What you have to do ▸ Return all of the data below verbatim and exclude every picture.

Given data ▸
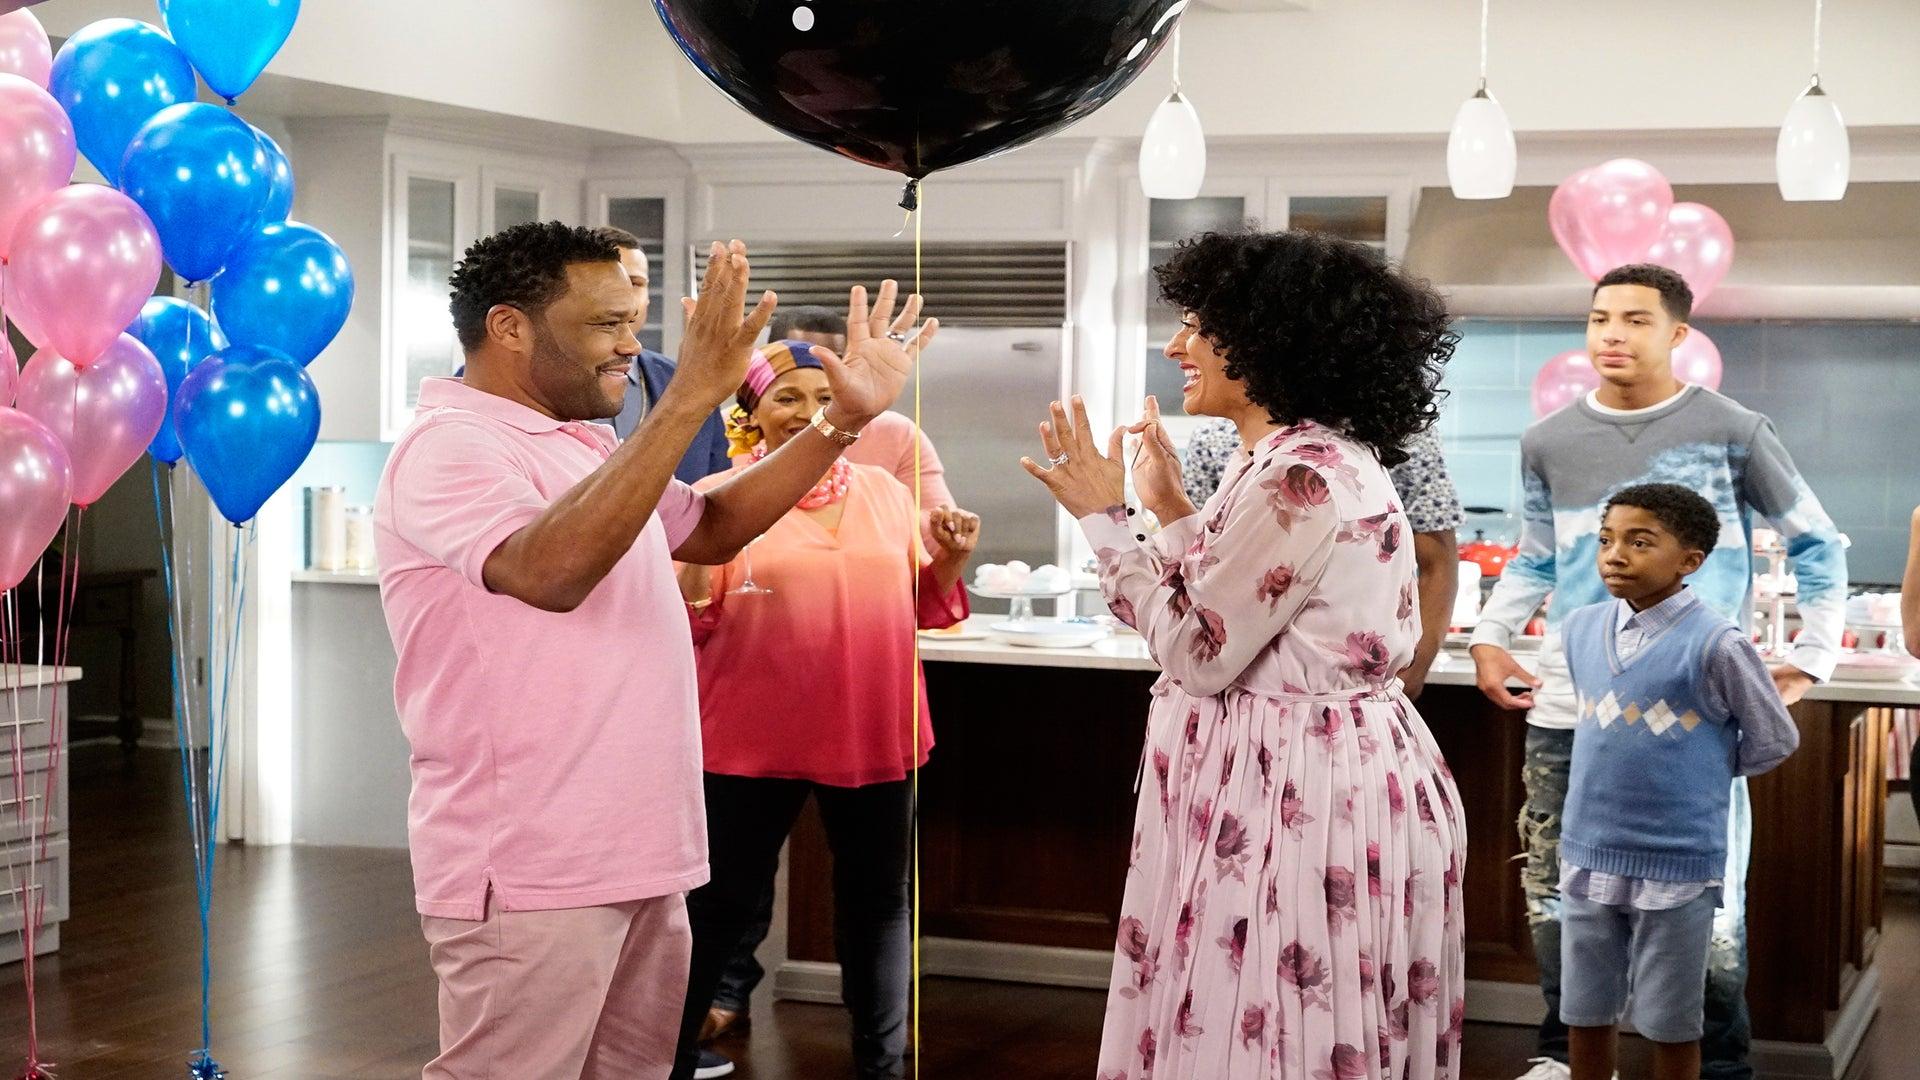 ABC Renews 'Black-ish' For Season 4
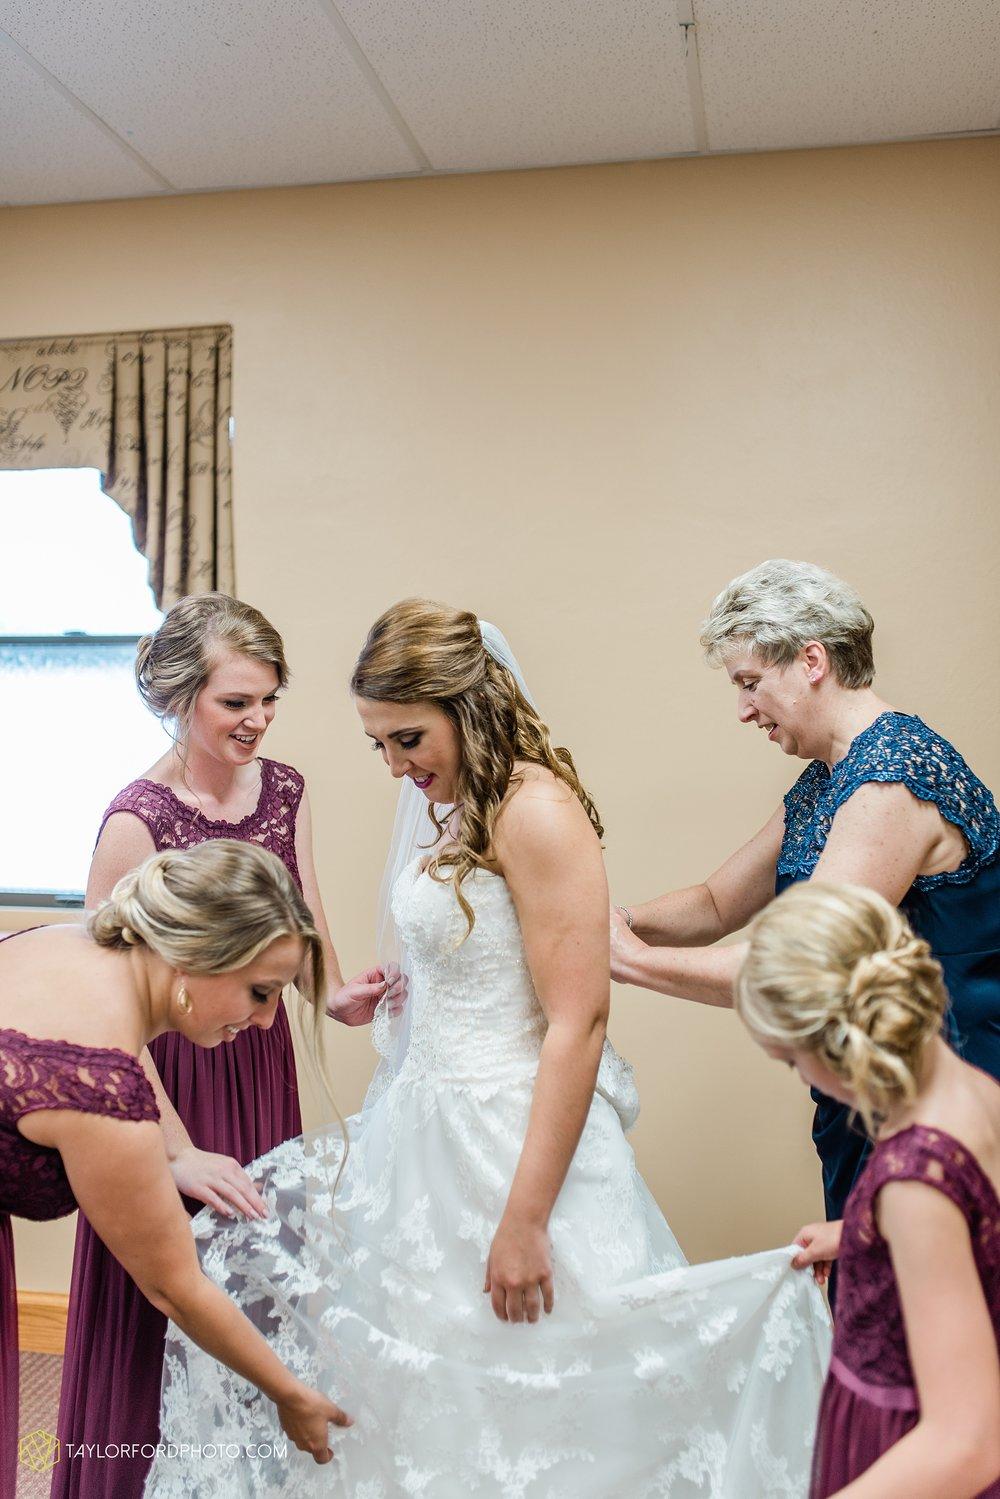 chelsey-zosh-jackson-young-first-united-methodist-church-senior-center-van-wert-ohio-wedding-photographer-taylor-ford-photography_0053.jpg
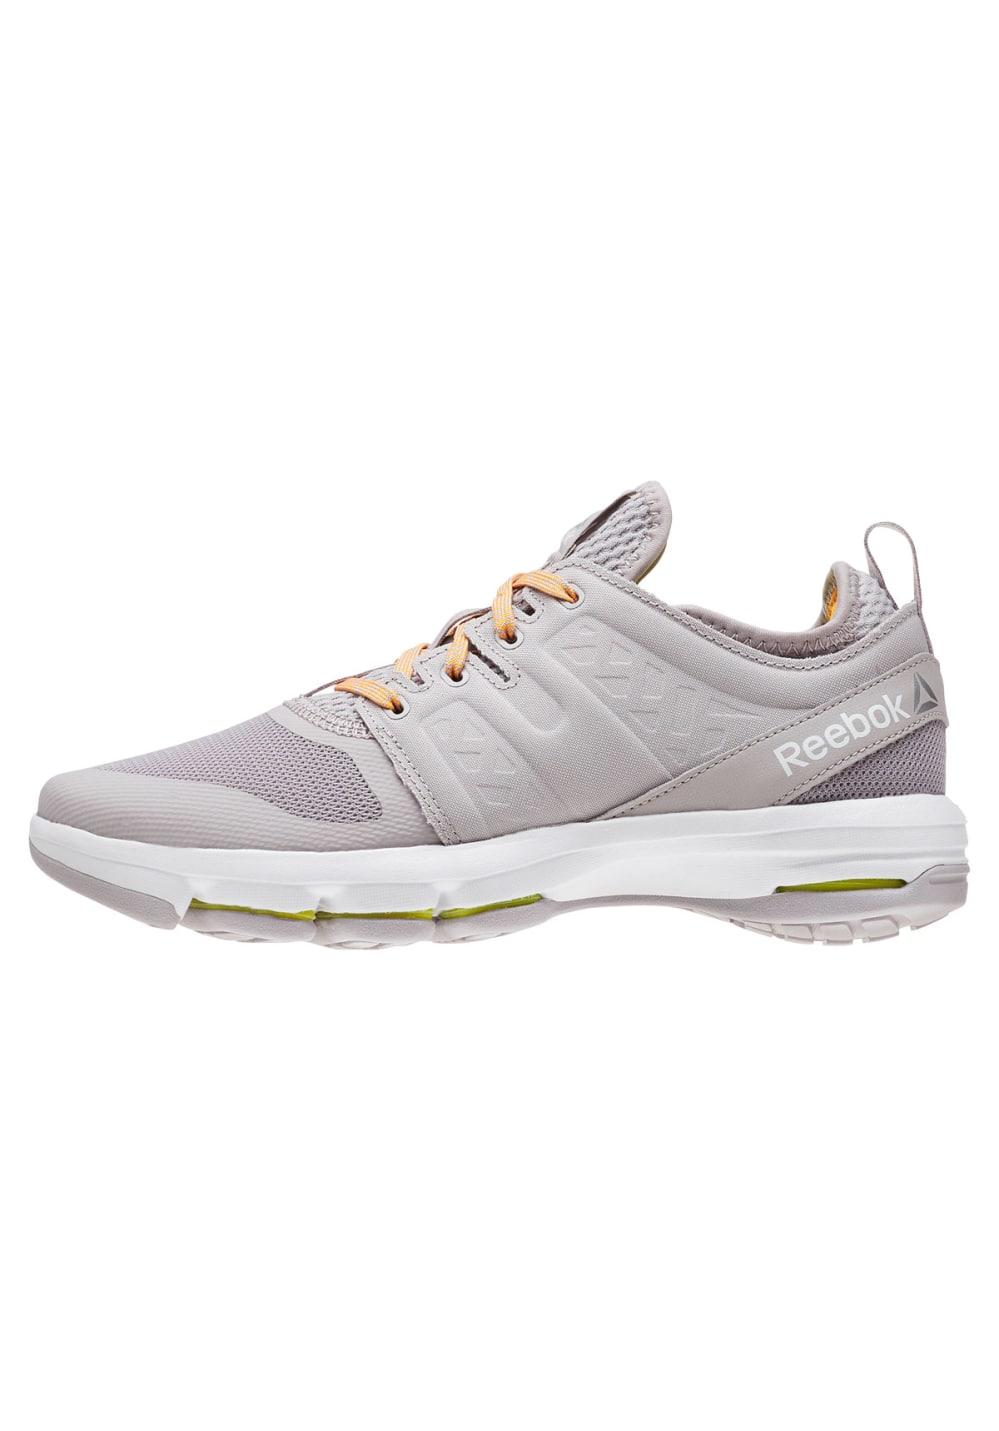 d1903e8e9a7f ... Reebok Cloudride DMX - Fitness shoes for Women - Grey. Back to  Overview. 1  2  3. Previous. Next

Output for this task ▸
 ABC Renews 'Black-ish' For Season 4
 chelsey-zosh-jackson-young-first-united-methodist-church-senior-center-van-wert-ohio-wedding-photographer-taylor-ford-photography_0053.jpg
 d1903e8e9a7f ... Reebok Cloudride DMX - Fitness shoes for Women - Grey. Back to  Overview. 1  2  3. Previous. Next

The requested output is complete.